PROBLEM TO SOLVE:
The reader should set down exactly the lines from the one containing "Suhasini Chand CZ Earrings - Silver" through the last line of the material, omitting every picture.

DATA EXTRACT:
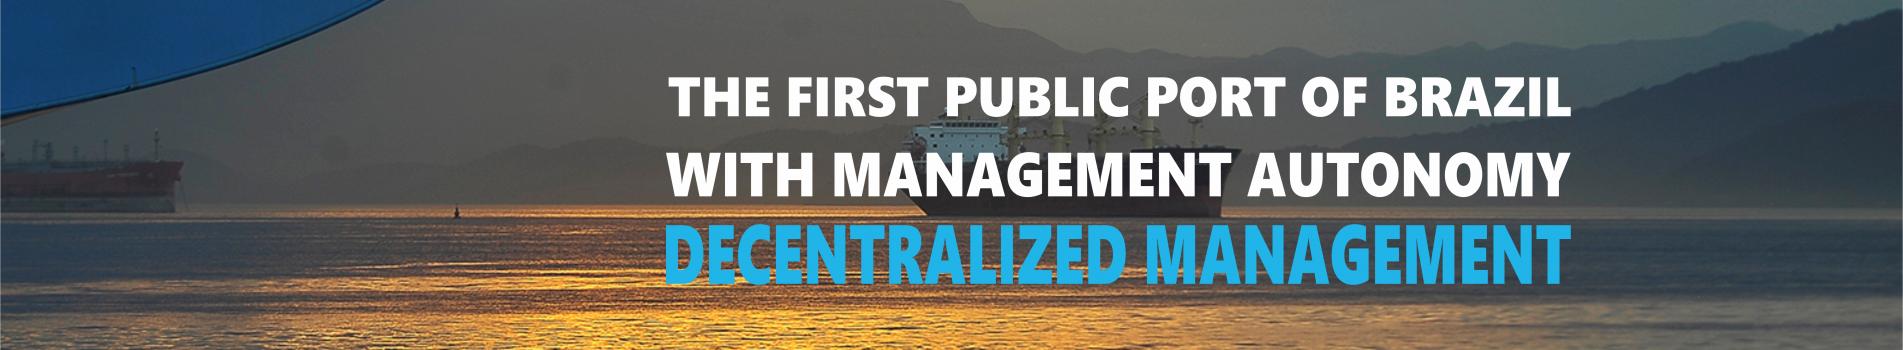 banner decentralized management
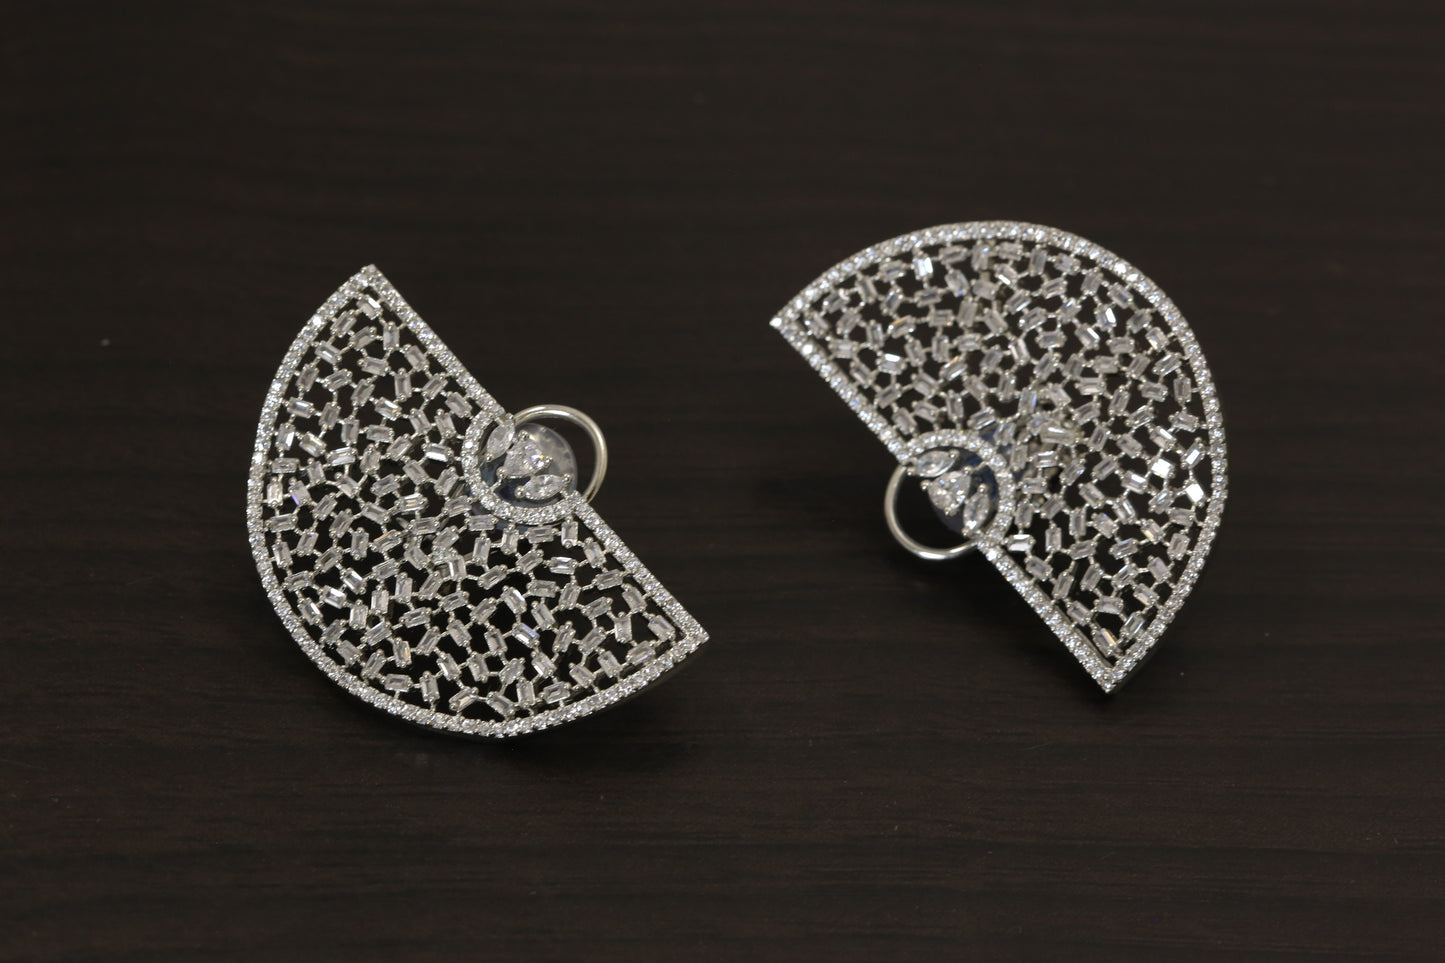 Suhasini Chand CZ Earrings - Silver
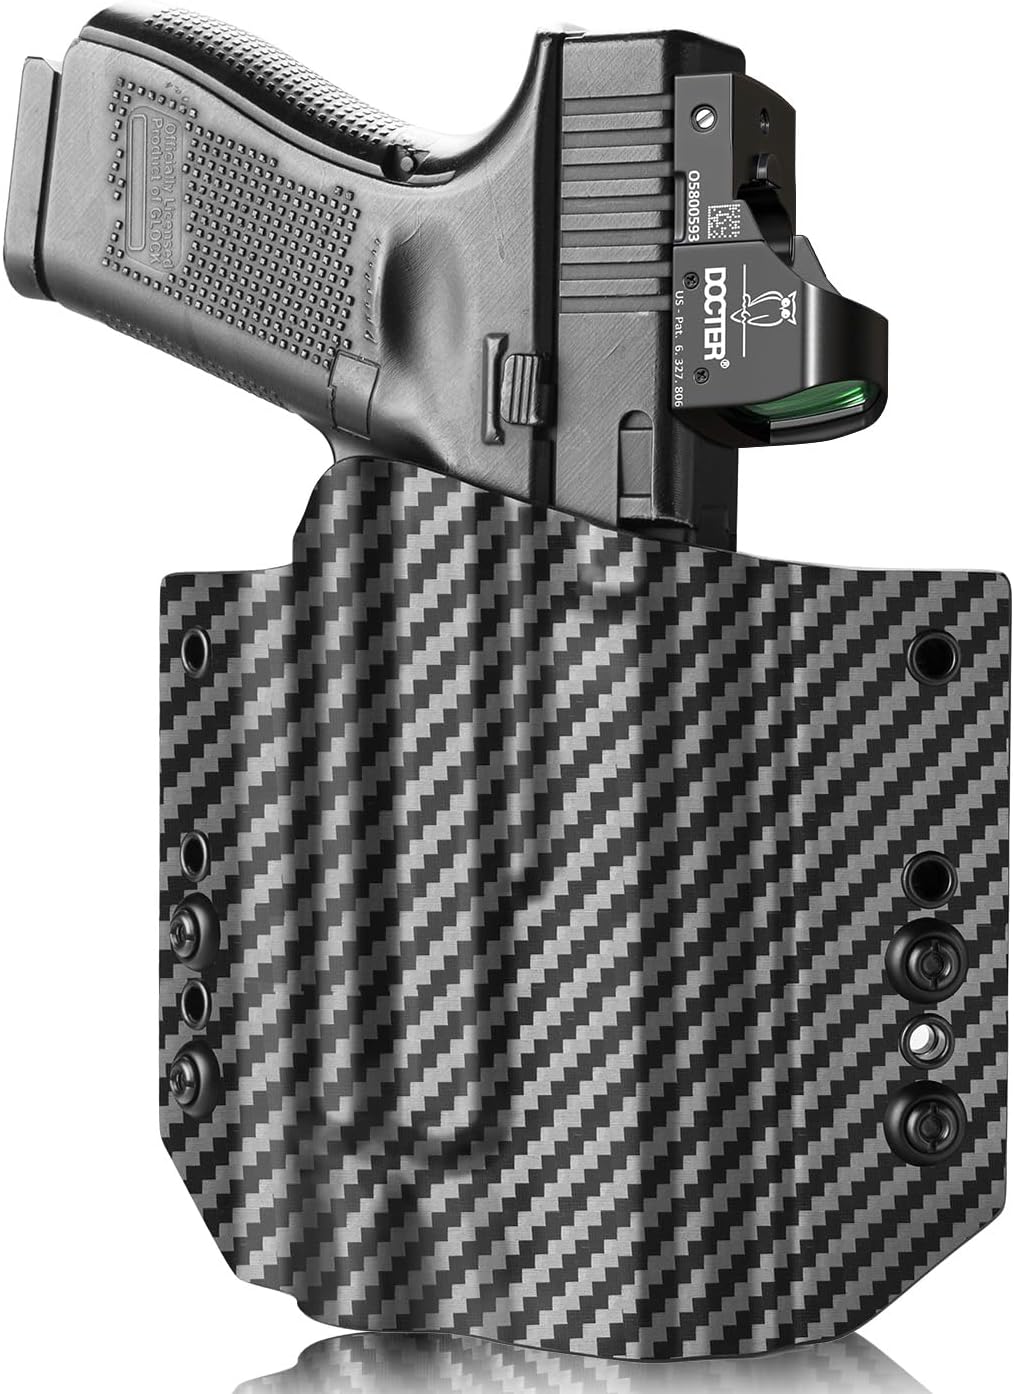 Kydex OWB Holster For Glock 19 19x Glock 23 25 32 Glock 17 22 31 Glock –  PoLe.Craft Holster

OUTPUT BELOW:
 Suhasini Chand CZ Earrings - Silver
 Kydex OWB Holster For Glock 19 19x Glock 23 25 32 Glock 17 22 31 Glock –  PoLe.Craft Holster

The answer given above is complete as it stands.